Oregon’s once-in-a-lifetime broadband opportunity by Representative Pam Marsh
The COVID crisis demonstrated beyond doubt that broadband is vital for our social, economic, emotional and physical health. Individuals and families who lacked access to broadband over the past two years missed out on public health information, remote work opportunities, online learning, health appointments, digital grocery deliveries, live-streamed religious services, and much more.
But there is a tremendous opportunity on the way. The federal government is poised to make once-in-a-generation capital investments to address broadband deployment in rural and urban areas. Oregon will receive more than $250 million for broadband investments from the American Rescue Plan Act and the Infrastructure Investments and Jobs Act. That’s a lot, but that’s just the start. After the initial distribution, states will compete for billions of more dollars. This is a watershed moment, and we need to be ready.
In the 2022 session I introduced, and the Legislative Assembly passed House Bill 4092, an omnibus broadband bill to prepare Oregon for this work on multiple fronts.
Recognizing that we need guidance for the program, HB 4092 empowered the Oregon Broadband Advisory Committee (OBAC) to advise on the development and implementation of Oregon’s broadband strategy. This includes authority to OBAC to create grant review committees.
HB 4092 also set a strategic planning framework that will guide state investment of federal monies. We need to be ambitious, and that means addressing issues such as funding leverage, system architecture, redundancy, project coordination, and cost-effectiveness. These are in the in-the-weeds issues that will make all the difference in how — or whether — our new broadband system addresses the needs of Oregonians.

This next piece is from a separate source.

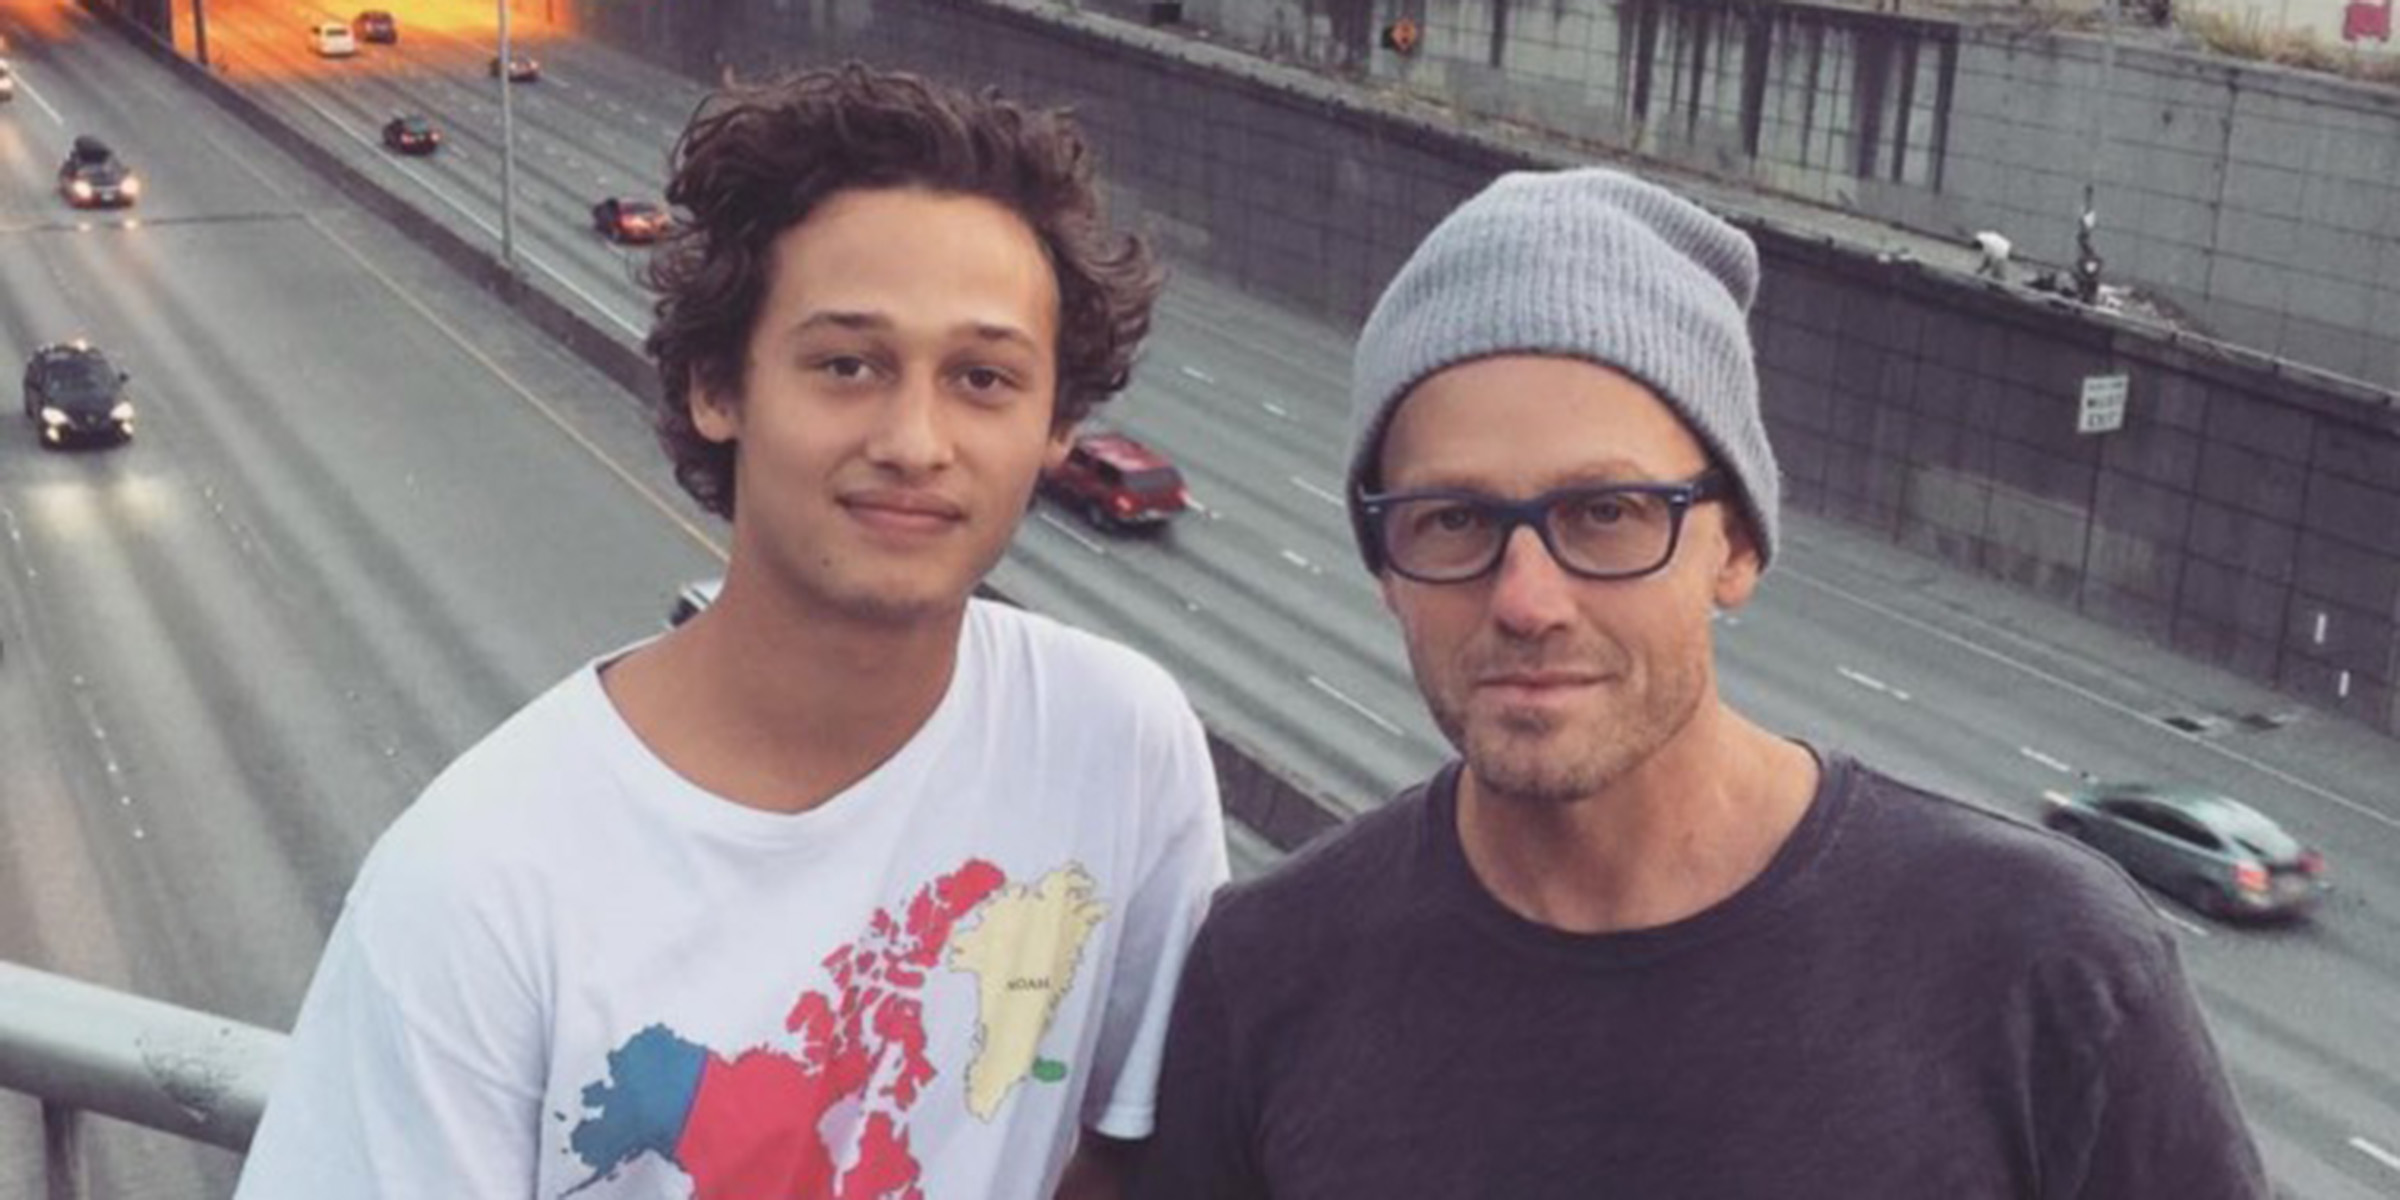 TobyMac says son's death taught him to think about eternity: 'I met grief in the fiercest way'

The third piece of HB 4092 mandates development of a state map. One of the challenges of broadband development has been simply understanding where the gaps are. While the FCC is promising to provide much better data than it has in the past, we need mapping capacity on the state level to guide our own grant decisions.
Fourth, HB 4092 creates the Connecting Oregon Libraries Fund to enable libraries to capture maximum federal funding for broadband projects. Several years back we established a federal e-rate program for schools, and districts in our most remote corners are now using that framework to obtain huge federal matches. Now libraries need the same mechanism.
Finally, HB 4092 requires the Public Utilities Commission to conduct a study of possible modifications to the Oregon Telecommunication Assistance Program (OTAP), often referred to as our Lifeline program. OTAP provides broadband subsidies to customers of our traditional landline companies. The PUC study will assess whether the fund should be modernized to provide ongoing subsidies to all Oregonians who need assistance. There is no point in building broadband networks if customers can’t afford the service.
Thanks to federal funding, Oregon has a once-in-a-lifetime opportunity to build a robust broadband network that will serve residents, businesses and communities in every corner of the state for years to come. I’m doing everything I can to make sure we are ready.